Activity >>
Copy the data that appears below exactly. Drop the pictures.

Information shown >>

────────────────────────────────────────

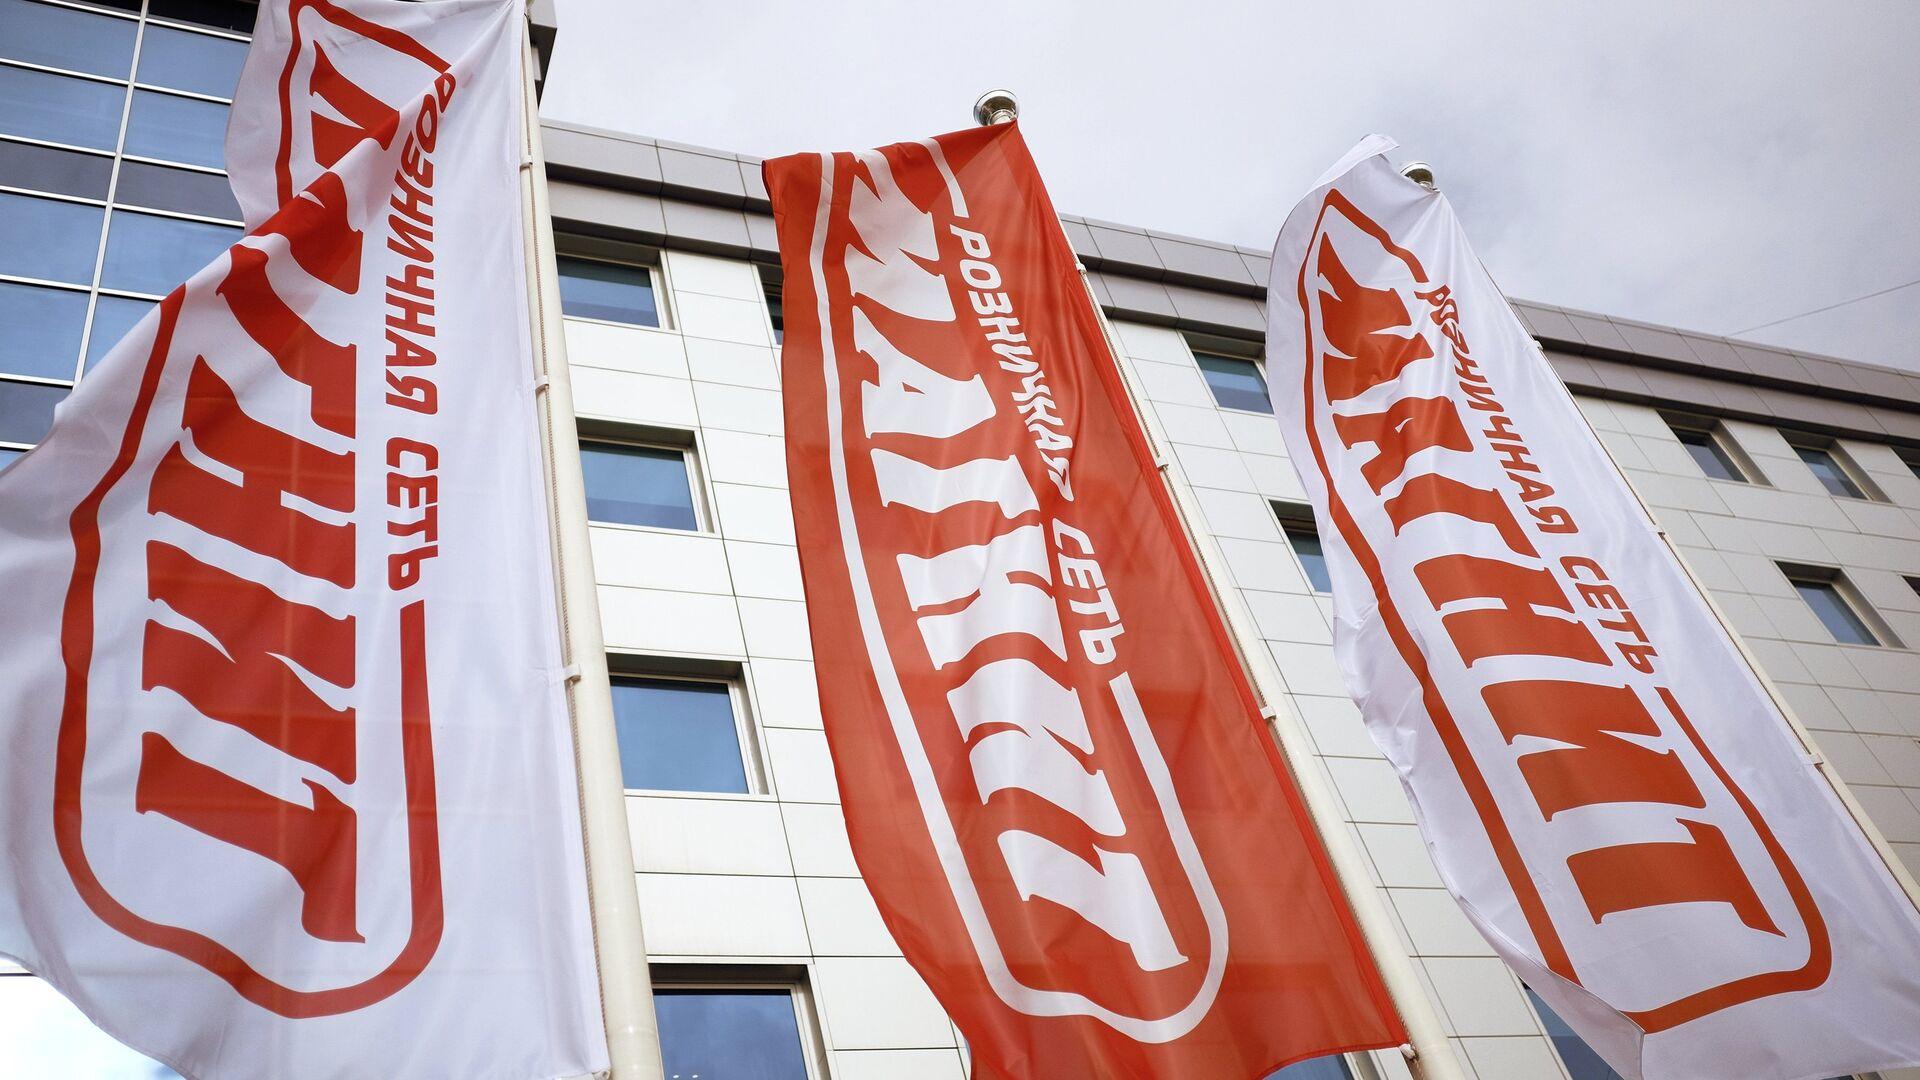 Корпоративные флаги перед головным офисом сети магазинов Магнит - РИА Новости, 1920, 18.05.2021
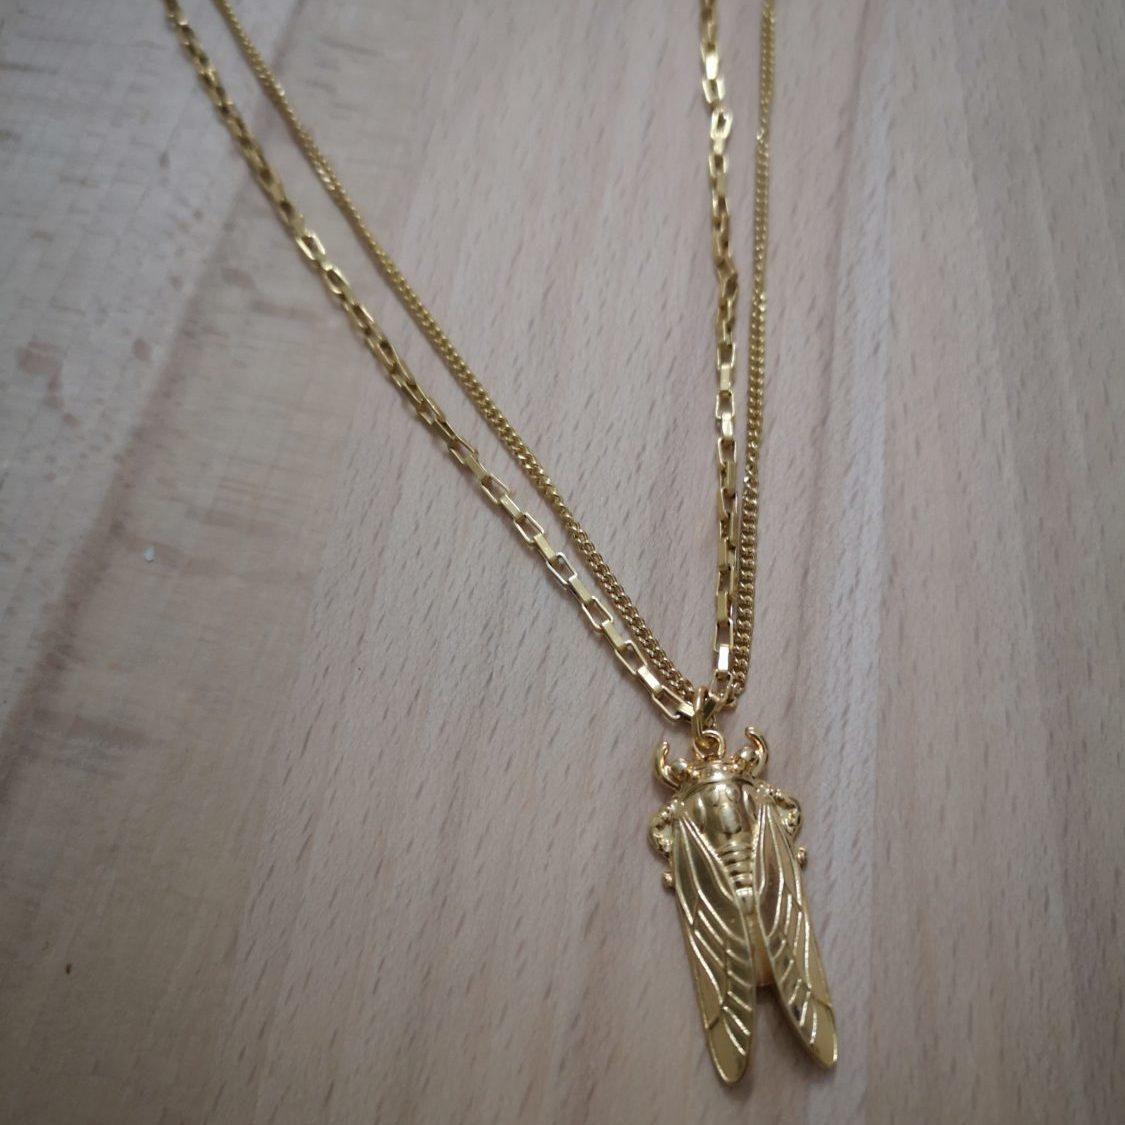 Cicada Necklace-κολιέ με τζιτζίκι
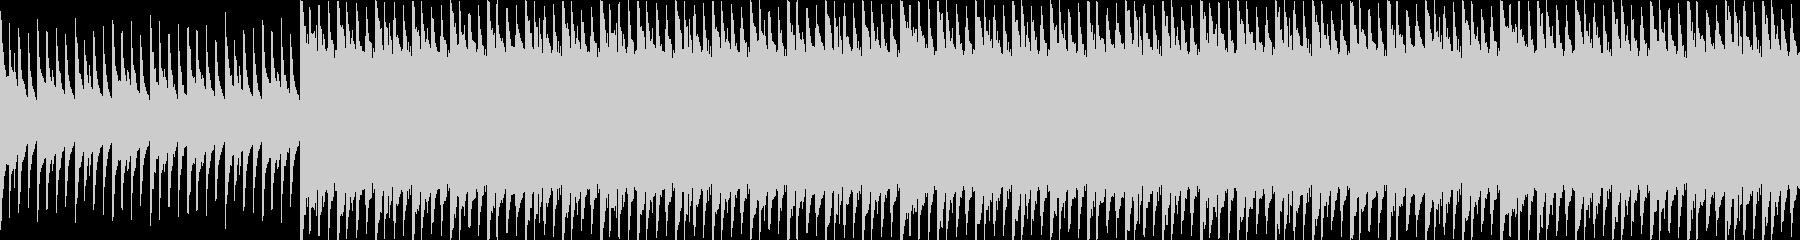 マリンバ/ピアノ/ループ/動画BGM用3の未再生の波形
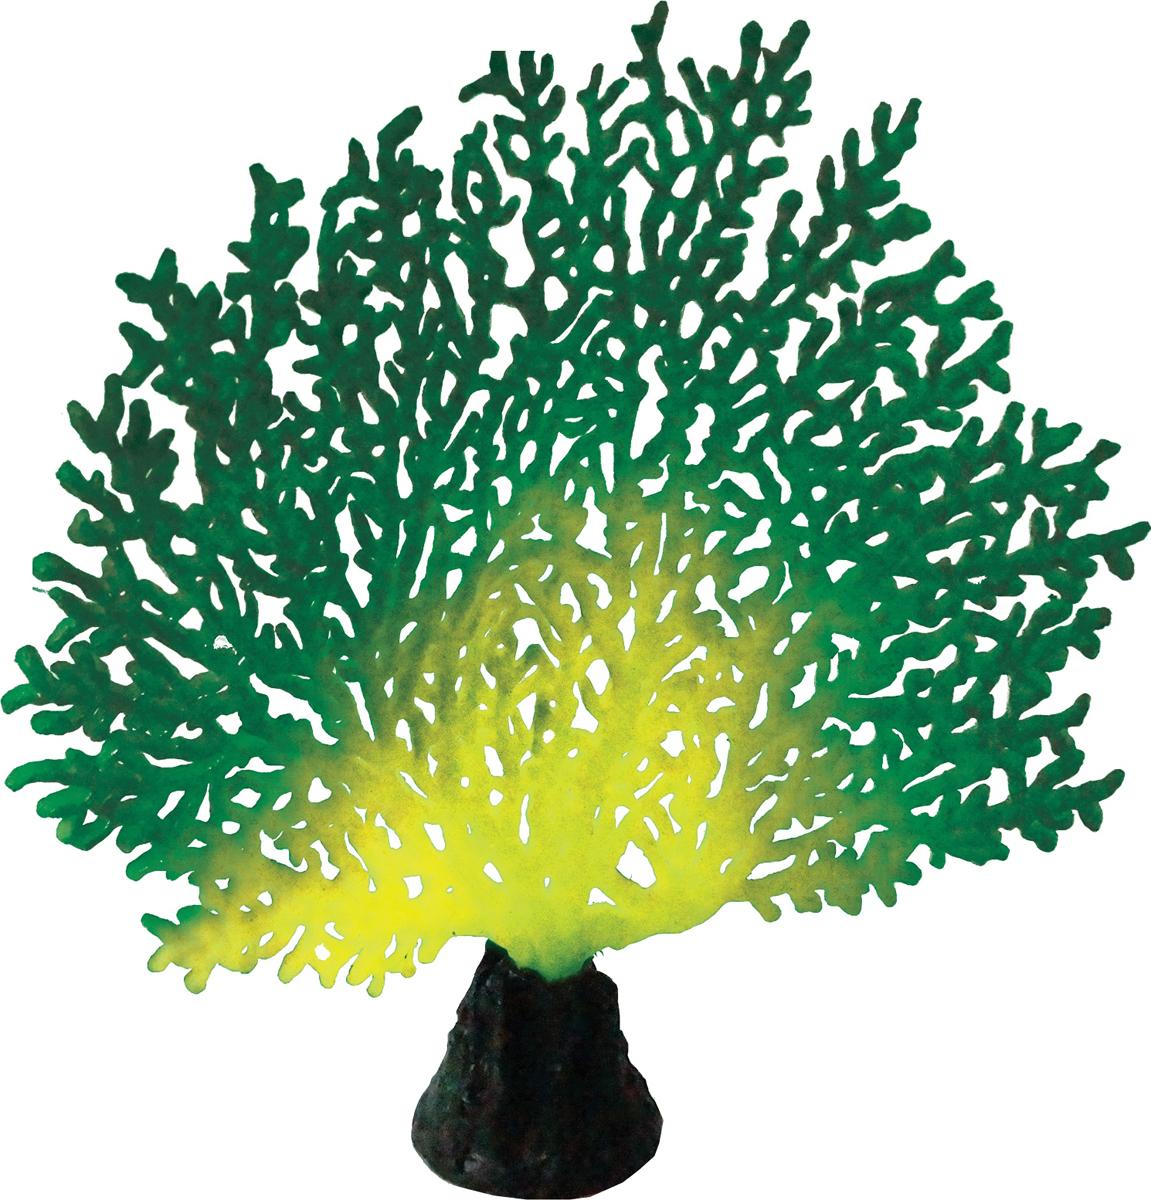 Декорация для аквариума Jelly-Fish Коралл, светящаяся, цвет: зеленый, 20,5 х 19 х 6,5 см декорация для аквариума dezzie руины лестница 16 5 х 7 8 х 8 5 см

────────────────────────────────────────

Written solution >>
 Корпоративные флаги перед головным офисом сети магазинов Магнит - РИА Новости, 1920, 18.05.2021
 Cicada Necklace-κολιέ με τζιτζίκι
 マリンバ/ピアノ/ループ/動画BGM用3の未再生の波形
 Декорация для аквариума Jelly-Fish Коралл, светящаяся, цвет: зеленый, 20,5 х 19 х 6,5 см декорация для аквариума dezzie руины лестница 16 5 х 7 8 х 8 5 см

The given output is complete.